A formal council advocates for nurses, and it has a structured, standardized format.
When we’re told to make changes that impact nursing, but we weren’t involved in the decision, the solution doesn’t always make sense.
We must provide the nursing component to make sure the change is safe for patients and based on evidence — and that it makes sense in the nursing workflow.
Audrey M. Trinkes, RN, works at the Clinical Contact Center for Kaiser Permanente in the Mid-Atlantic States. She takes calls from patients in the Northern Virginia, metropolitan Washington, D.C., and metropolitan Baltimore area. Patients call for a variety of reasons ranging from routine illnesses to emergencies that result in a 911 call.
Trinkes serves on 2 formal committees that seek to empower nurses and transform care through nurse-led initiatives. In her role on one of these committees, Trinkes introduced a change that supports efficiency and care quality.
Clinical Contact Center staff must quickly access patients’ medical histories, care notes, privacy authorizations, and appointment information. Doing so ensures patients receive timely and appropriate care.
To help make Clinical Contact Center staff more efficient, Trinkes and the committee developed a technology super user role within the department. Super users help colleagues with questions and provide support as needed.
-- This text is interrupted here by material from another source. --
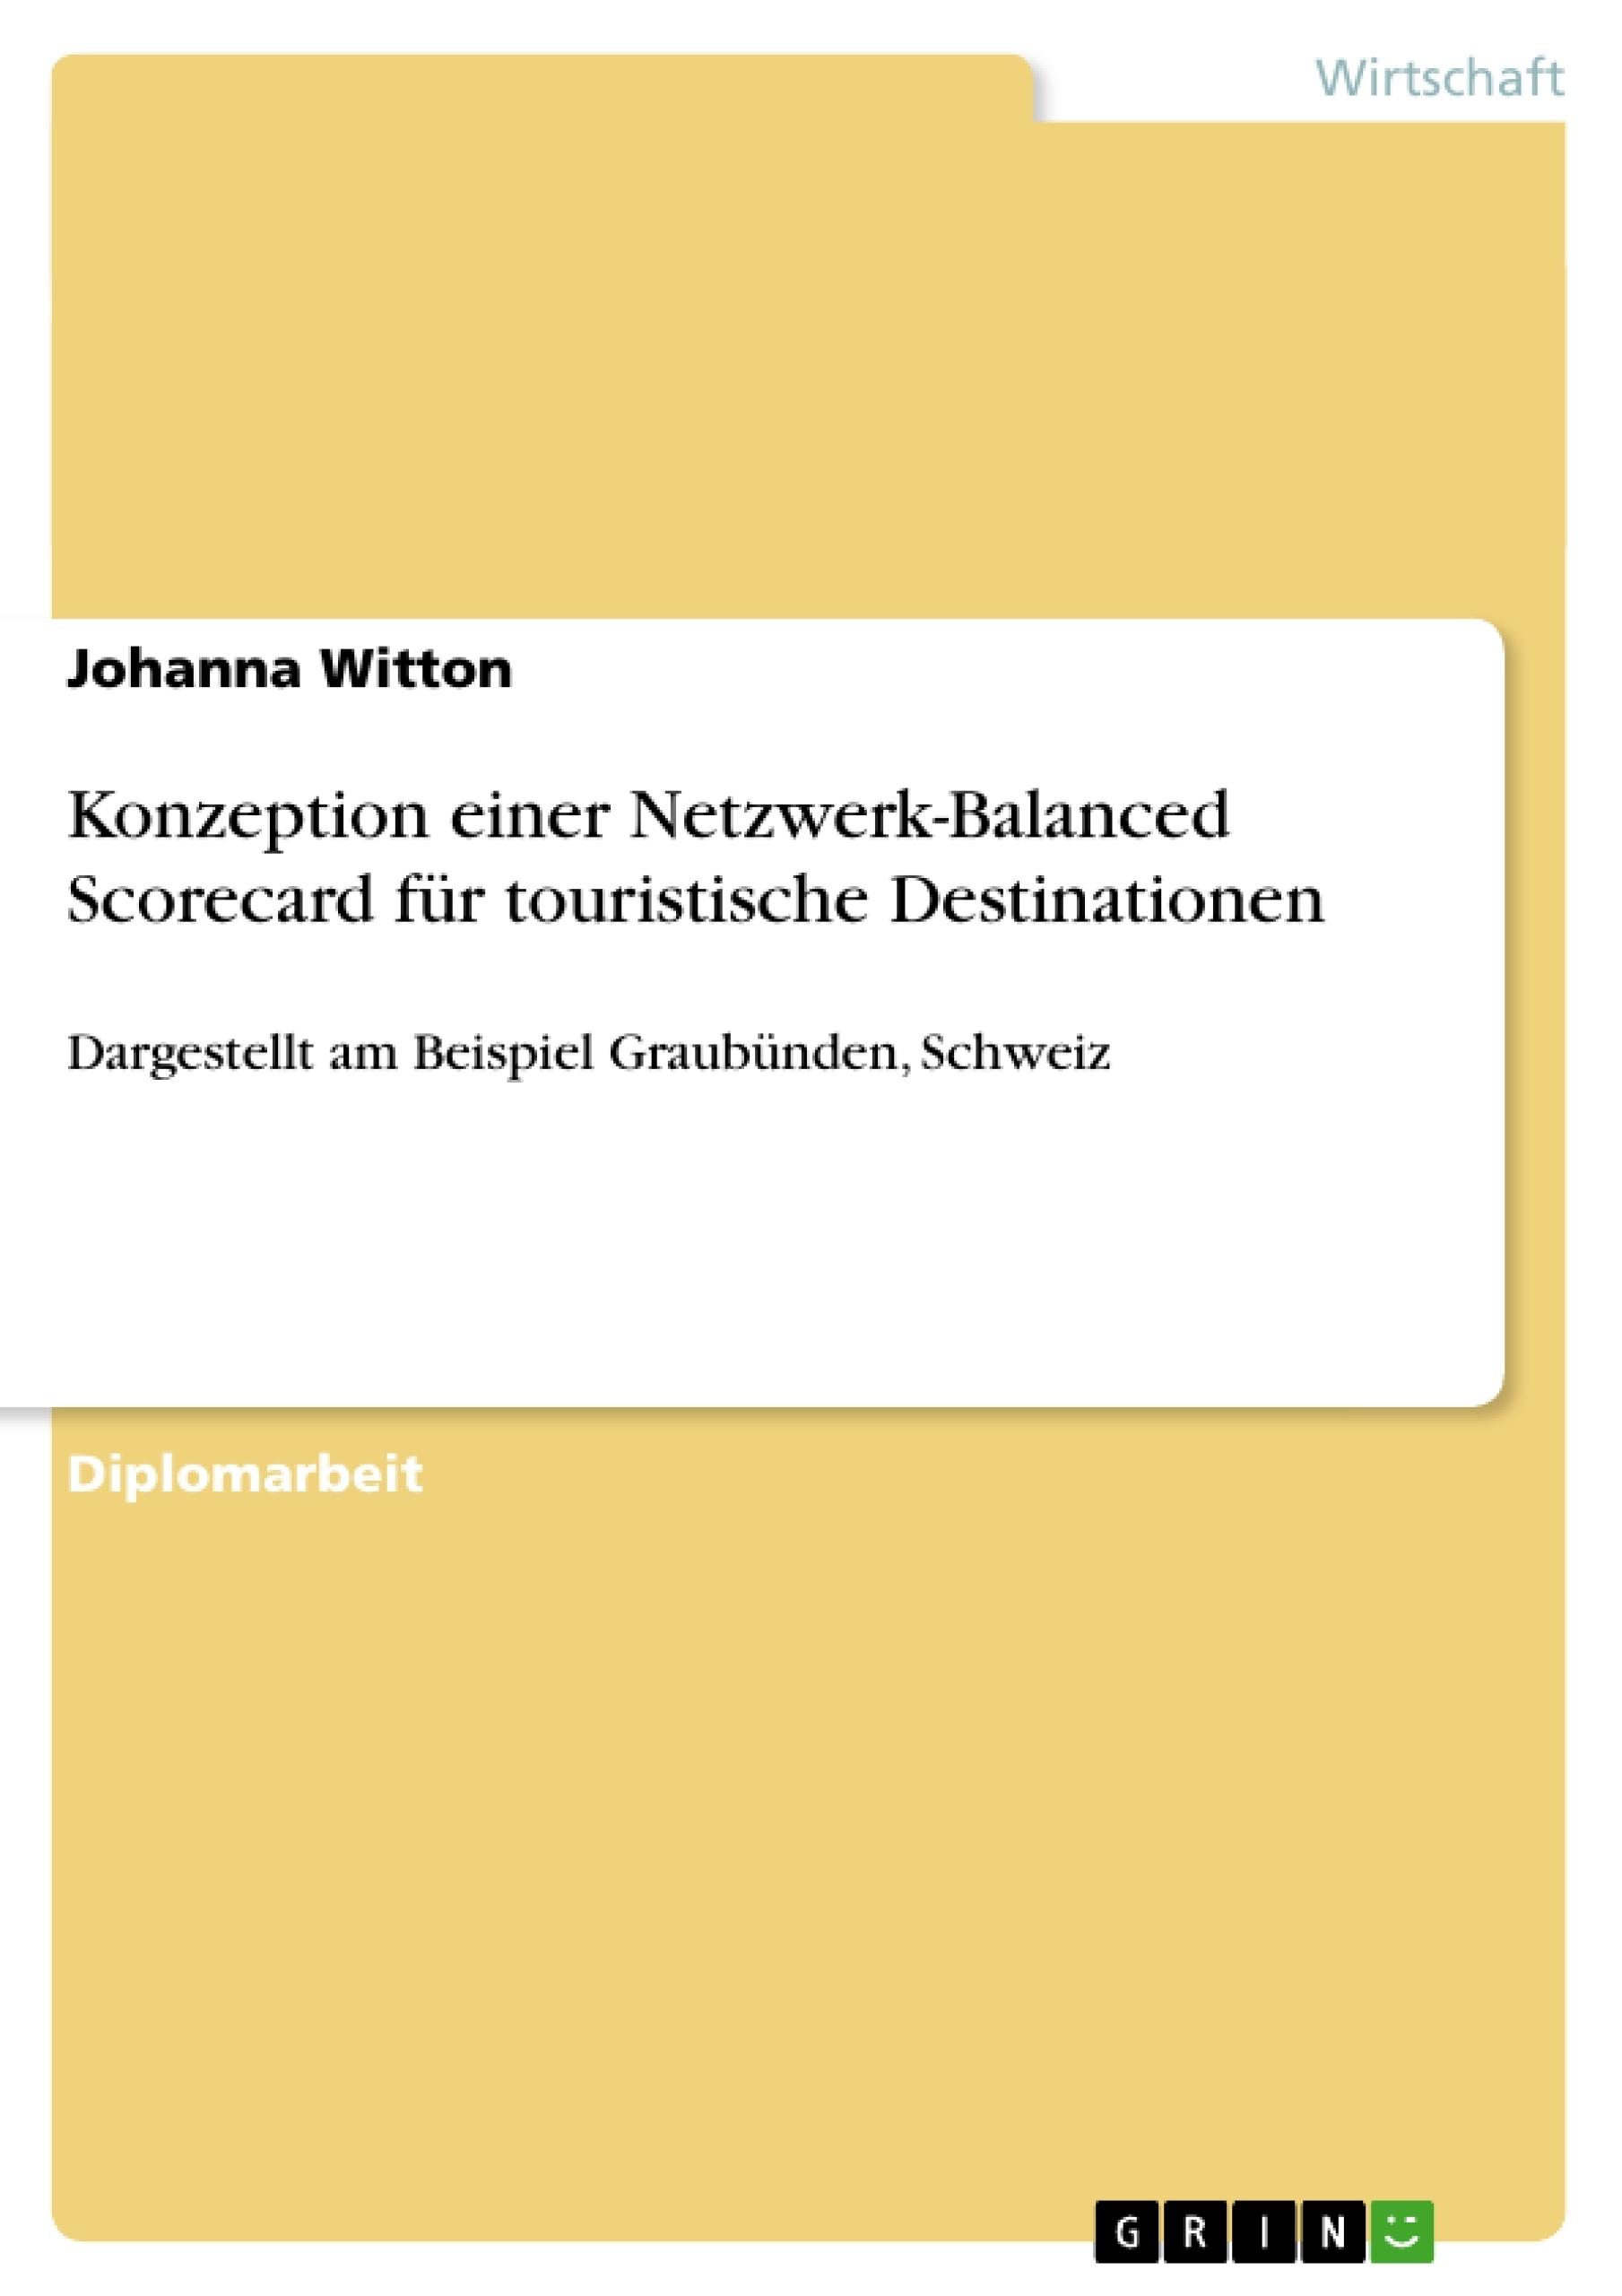 Titel: Konzeption einer Netzwerk-Balanced Scorecard für touristische Destinationen
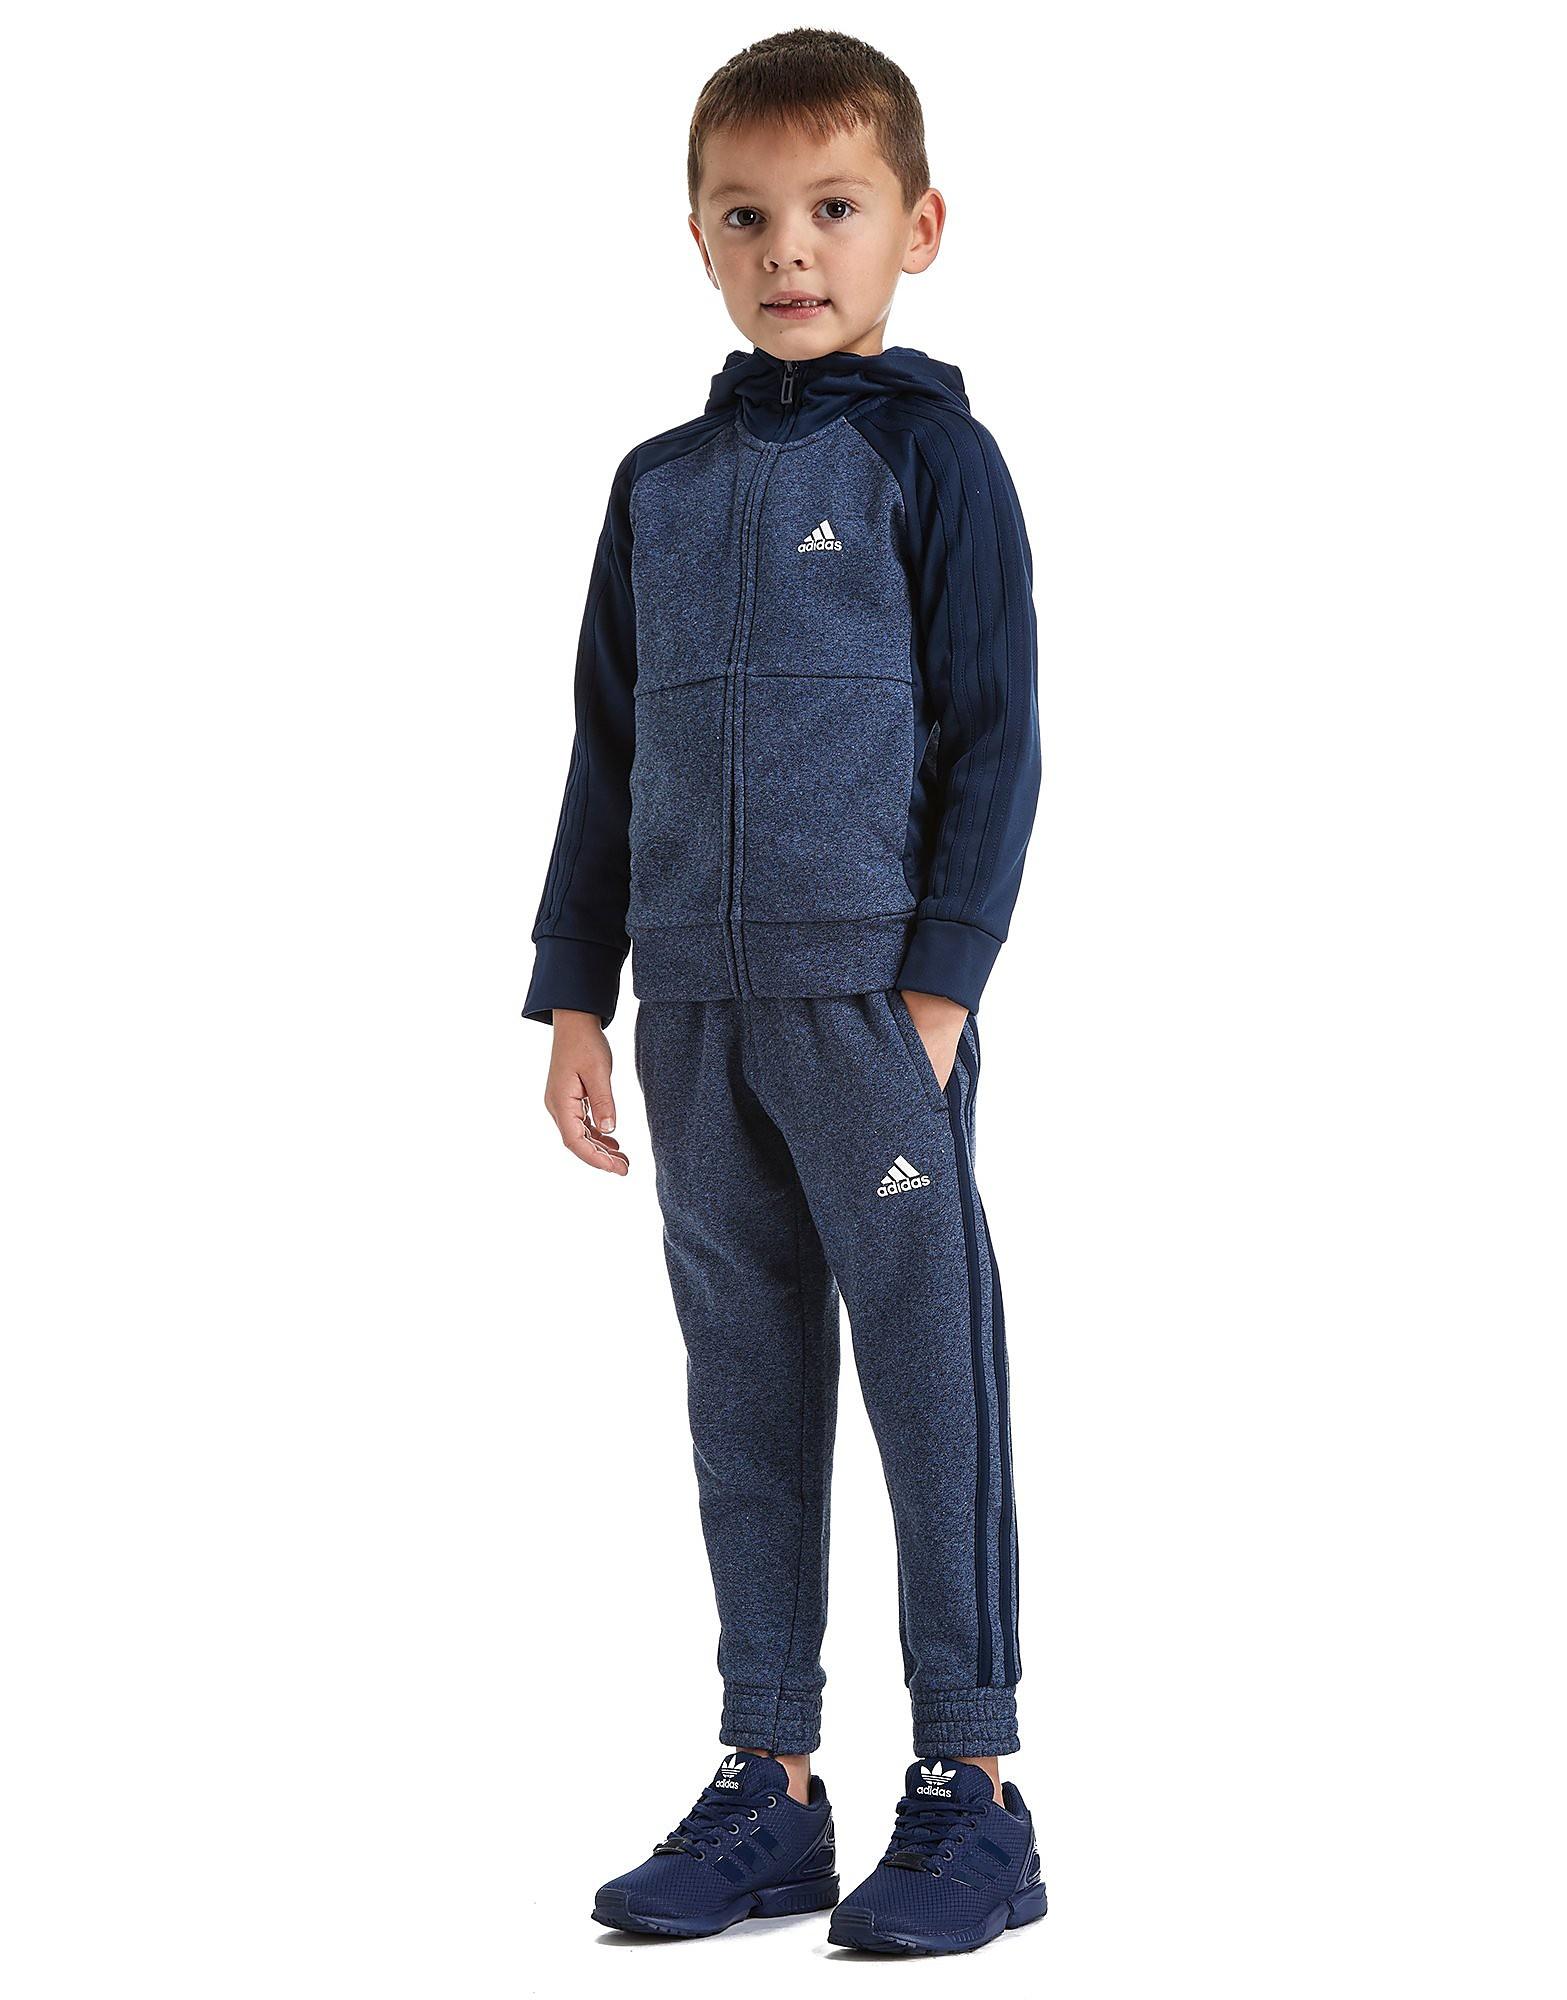 Image de adidas Ensemble Enfant Hybrid Fleece - Only at JD - Navy, Navy

I am so inspired by the work I’ve done that I am completing a master’s certificate in health care quality and patient safety.
I’m passionate about quality and process improvement. I have grown so much by being in leadership roles in both of the formal committees I serve on. I’m better able to lead meetings, collaborate with management, and make connections outside of my department.
It’s important that our team of nurses know they are being heard. Nurses feel more confident and supported when they know that someone who understands their work — their point of view — is speaking for them.